Em 1973 alterou o seu nome de Associação Protectora dos Diabéticos Pobres para um nome mais consentâneo com a verdadeira vocação da instituição, com a sua modernização e desenvolvimento e com a nova realidade do país: ASSOCIAÇÃO PROTECTORA DOS DIABÉTICOS DE PORTUGAL – PORTUGUESE DIABETES ASSOCIATION.
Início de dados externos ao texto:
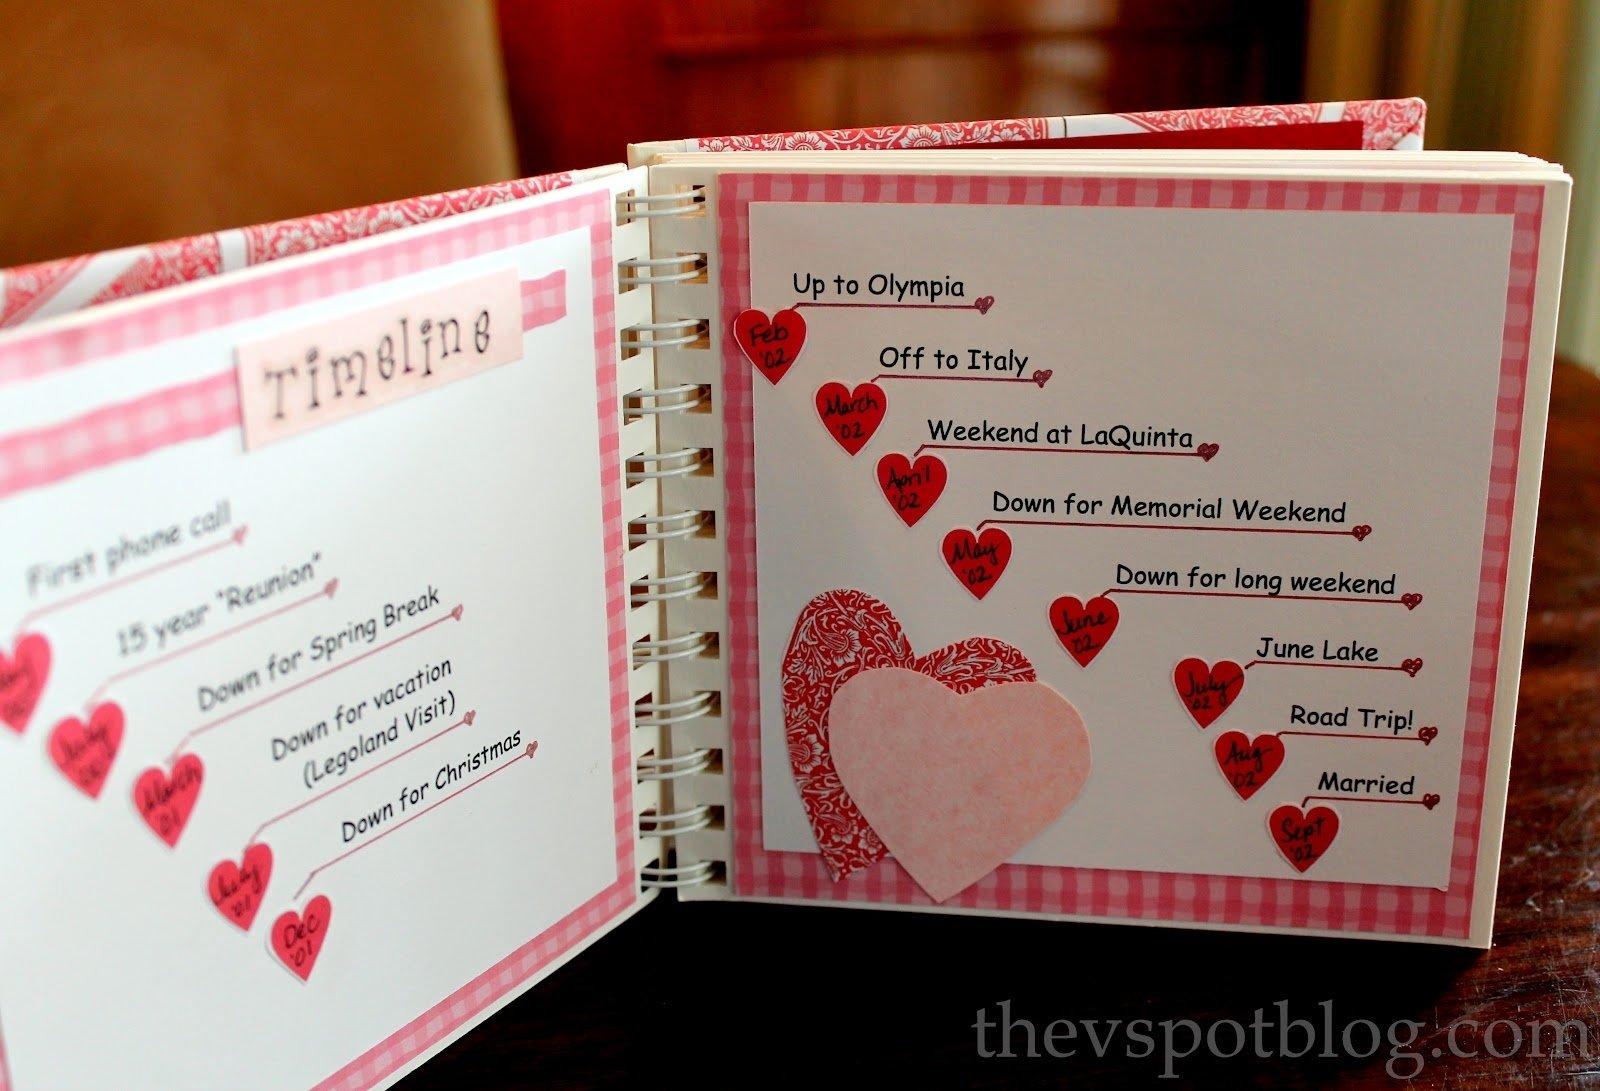 10 Stunning Homemade Valentines Day Ideas Him day gifts boyfriend homemade valentine new creative dma homes 89237 5 2020

De uma Associação com fins essencialmente caritativos e filantrópicos, a APDP transformou-se numa instituição de saúde moderna, de referência, sendo simultaneamente uma Associação vocacionada para a defesa dos direitos das pessoas com diabetes e para uma correta integração das pessoas com diabetes na sociedade e uma clínica prestadora de cuidados médicos integrados e diferenciados, sem descurar os aspetos formativos e de investigação inerentes à excelência dos serviços prestados.

Museu da APDP

O Museu da APDP contém uma grande parte da história do século XX da saúde em Portugal em geral, e da diabetes em particular. Documentos no Museu incluem, por exemplo, os Estatutos da APDP desde a sua fundação, escritos de Ernesto Roma e cartas da última Rainha de Portugal, D. Amélia.

Está ainda em exibição uma coleção de equipamento e instrumentos usados para apoiar as pessoas com diabetes, mostrando a sua evolução histórica.